Sur les lèvres
Mes compagnons de route
Ils sont partout les livres ; confortablement installés dans les bibliothèques, sur le devant des vitrines de magasins, sur nos tables de chevet, et parfois cachés entre deux meubles. Et pourtant, rares sont les personnes que je croise aujourd’hui dans le métro ou le bus qui tiennent encore entre leurs mains un « bouquin ». A la place, les smartphones ont pris une place démesurée dans nos vies, et ce parfois malgré nous.

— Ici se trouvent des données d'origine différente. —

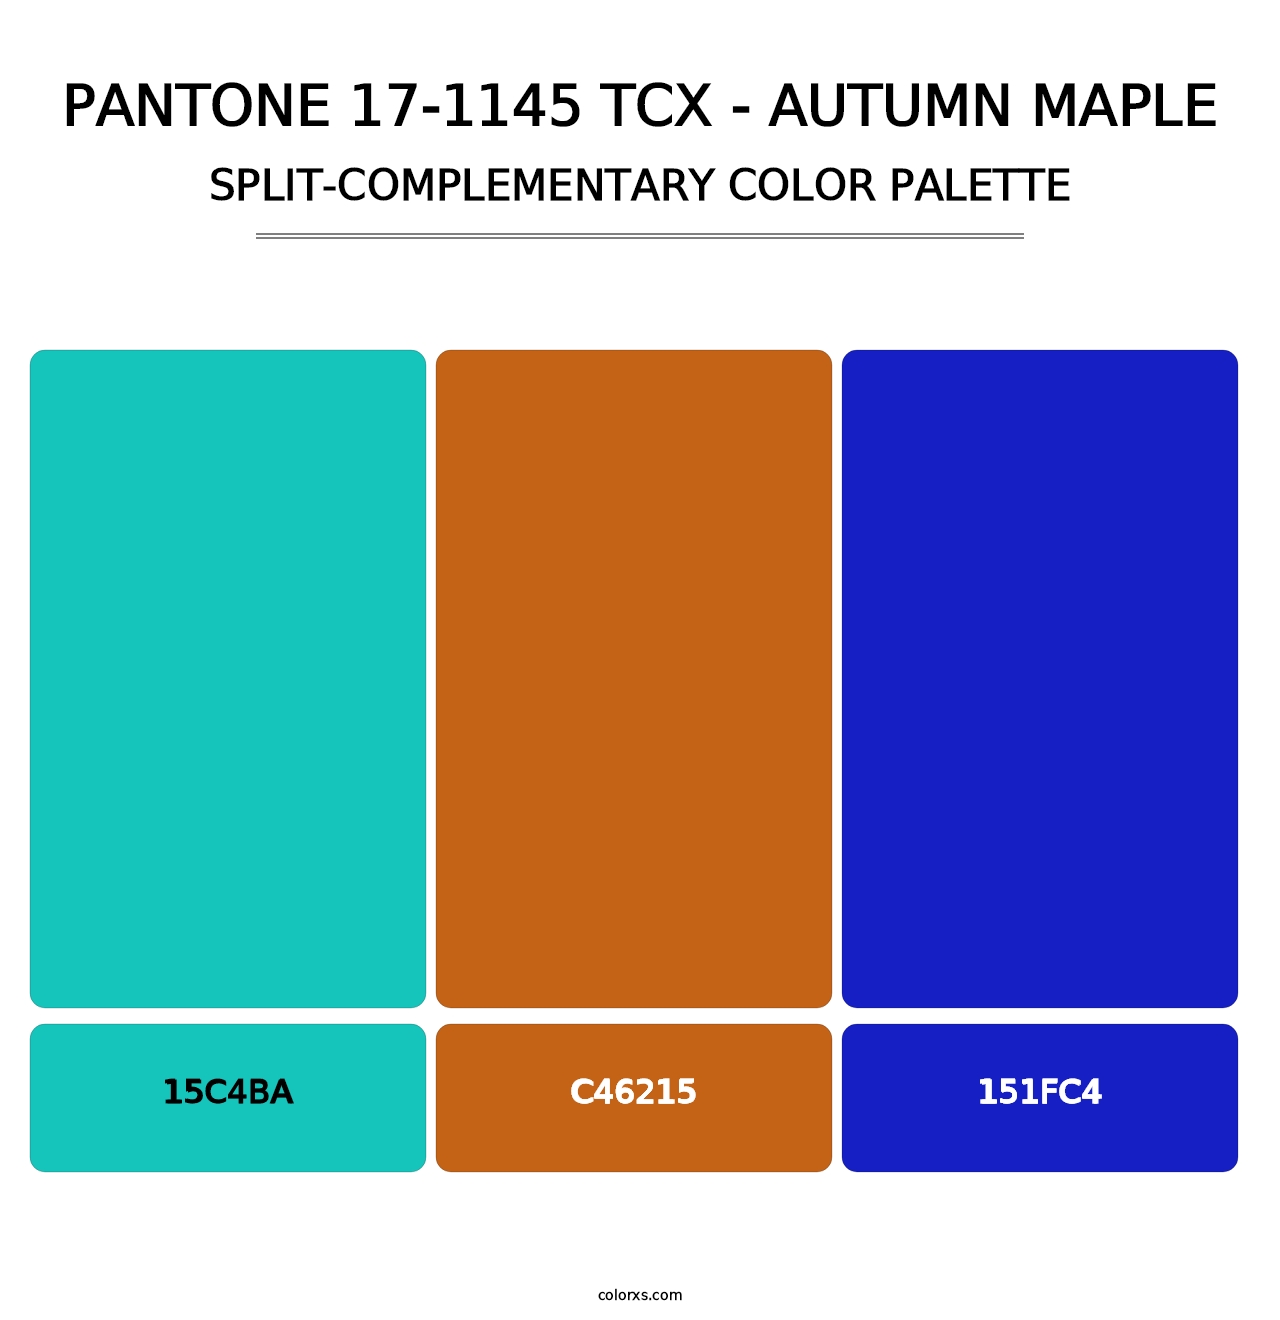 PANTONE 17-1145 TCX - Autumn Maple - Split-Complementary Color Palette

Je me souviens du temps où je lisais quatre à six livres par semaine, de ces heures qui défilaient le nez entre les pages sans avoir conscience du temps qui s’écoulait, du bonheur au moment de refermer la dernière page et de ce sentiment de plénitude après avoir fini une histoire prenante où je comprenais l’intrigue de A à Z, puisqu’elle se trouvait sous mes yeux.
Les livres ont été les compagnons de route fidèles qui m’ont ouvert la porte au monde. Alors que, petite et n’entendant pas, je ne saisissais pas toujours ce qui se passait autour de moi, ils ont été la clé me donnant accès à la compréhension de l’histoire des hommes, de notre temps et des siècles passés. De fil en aiguille, ils m’ont appris à décrypter les codes qui régissent nos sociétés. Des codes qui m’échappaient dans la vie réelle, faute de vocabulaire ou de compréhension des mots énoncés.
Mes parents avaient bien compris le pouvoir des livres. Ce n’était pas grave si je ne savais pas parler ni entendre correctement, « tant qu’elle lit ! ». Ils m’obligeaient à souligner les mots qui m’étaient inconnus pour me les expliquer ensuite. Je me souviens encore de la fois où j’avais demandé ce que signifiait le verbe « soupirer », et du visage de ma mère mimant, en soufflant et haussant les épaules en guise de démonstration…
Citées de nombreuses fois, les vertus de la lecture sont incontestées puisque démontrées de façon scientifique. Ils sont d’autant plus précieux lorsqu’un sens nous manque – comme l’audition – et viennent le combler en venant à nous, avec leurs histoires fictives, romancées, historiques. Par la description qu’ils nous font du monde et leur universalité, ils développent en nous une imagination sans bornes.
De nos jours, lire un livre dans le métro ou le bus, c’est un peu un acte de liberté, de résistance face à la puissance des écrans. Par la visibilité donnée au livre via sa couverture, on partage indirectement aux gens qui nous entourent ce qu’on lit. La lecture est un effort fastidieux qui nous demande la force de caractère d’aller jusqu’au bout des pages, même lorsque l’histoire nous dérange. Lire, c’est aller au devant d’une véritable ouverture d’esprit (à condition de diversifier les types de lecture) et nous amène à construire un cheminement de pensée qui nous est propre.
Quelque part, c’est grâce aux livres que j’en suis arrivée au métier de journaliste aujourd’hui. Et je suis d’autant plus reconnaissante vis à vis de mes parents de m’avoir donnée cette immense liberté, en plaçant des livres entre mes mains de petite fille.